12LM/215M km for the habitat in the Hibson story, though it varied. (and nothing was said if this was the closest or most distant part of the belt or anywhere in between, could be either) Basically, depending on what kind of transport used, anything from several hours to a day of travel time. And that´s only if the planet currently closest is the one they want to commute between. And yeah, that´s not going to happen much. |
Top |
Re: Suspension of Disbelief. | |
---|---|
by J6P » Fri Oct 30, 2015 2:52 am | |
J6P
Posts: 258
|
Any spin is a gyroscopic spin. No matter the rotation rate. It will oscillate and become larger and larger over time. Especially true when additional mass is added in say, a docking ship. Spin is useful on say long life satellites as there is no additional mass being moved around. No outside forces. Spin actually helps it maintain its balance. Docking while rotating are not done today for the simple reason that spin must be matched so there is zero rotational delta velocity. Any rotational delta velocity will destroy any interface known to man in quick order. You must match spin first. Do not get your information from Hollywood and the baloney of the movie Gravity. From a logistics maintenance perspective, forcing every docking craft every day for hundreds of years to match spin is just asking for problems. It violates the KISS principle. Lets look at logistics. If you have to work from such a a station and there are 10,000 people. It would make sense that one must dock multiple craft at once. On a central spin station, docking options are few. This would indicate a massive problem in logistics throughput. .... Back to lurking.... PS. Did anyone else really enjoy the movie Interstellar? I did. Sure it was a bit slow, but... |
Top |
Re: Suspension of Disbelief. | |
---|---|
by hanuman » Fri Oct 30, 2015 1:44 pm | |
hanuman
Posts: 643
|
The asteroid belts provide virtually all the raw metals required by one of the wealthiest and most industrialized economies in the Honorverse. Automated or not, I cannot envision a situation where such a mining industry did not require several million workers, and quite likely several tens of millions. Space-based mining would be quite a bit more complicated and complex than planet-based mining, I'd imagine.
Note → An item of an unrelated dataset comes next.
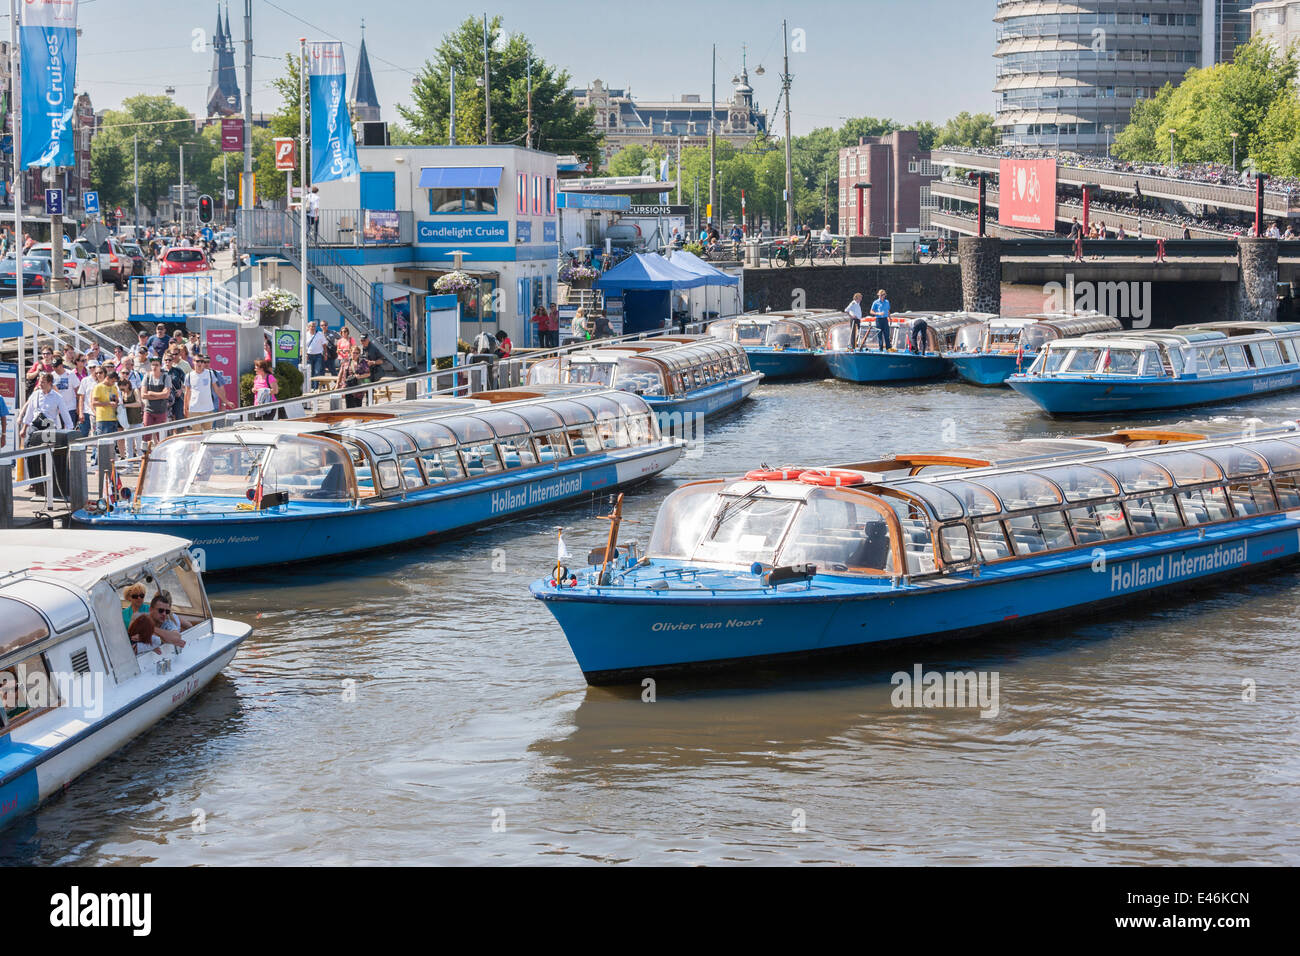 La Stazione Centrale di Amsterdam crociera fodera barche fino a prendere i turisti su un canal tour attraverso canali più famosi del Grachtengordel. Foto Stock

We really do not have any points of reference OTL, so no one can really say what it will be like. Moreover, not every asteroid will contain the desired ores, and just as we tend to underestimate the vast distances between planetary orbits, people often overlook the fact that distances between individual asteroids or clusters of asteroids can be similarly immense. That adds yet another layer of complexity. |
Top |
Re: Suspension of Disbelief. | |
---|---|
by Tenshinai » Fri Oct 30, 2015 2:03 pm | |
Tenshinai
Posts: 2893
|
No! Really? If you know that, you SHOULD know why the spinrate and the magnitudes of the internal forces involved make a BIG difference. Simplified, the slower the spin, the longer it will take for the "object" to destabilize its spin.
And where exactly did i say otherwise?
Maybe you should pack up your strawmen and unfounded idiotic assumptions and burn them instead of writing claims that make you look like a moron? Maybe learn to read instead of randomly making assumptions sometime? Maybe i should tell you stop using faerytales as your basis for science?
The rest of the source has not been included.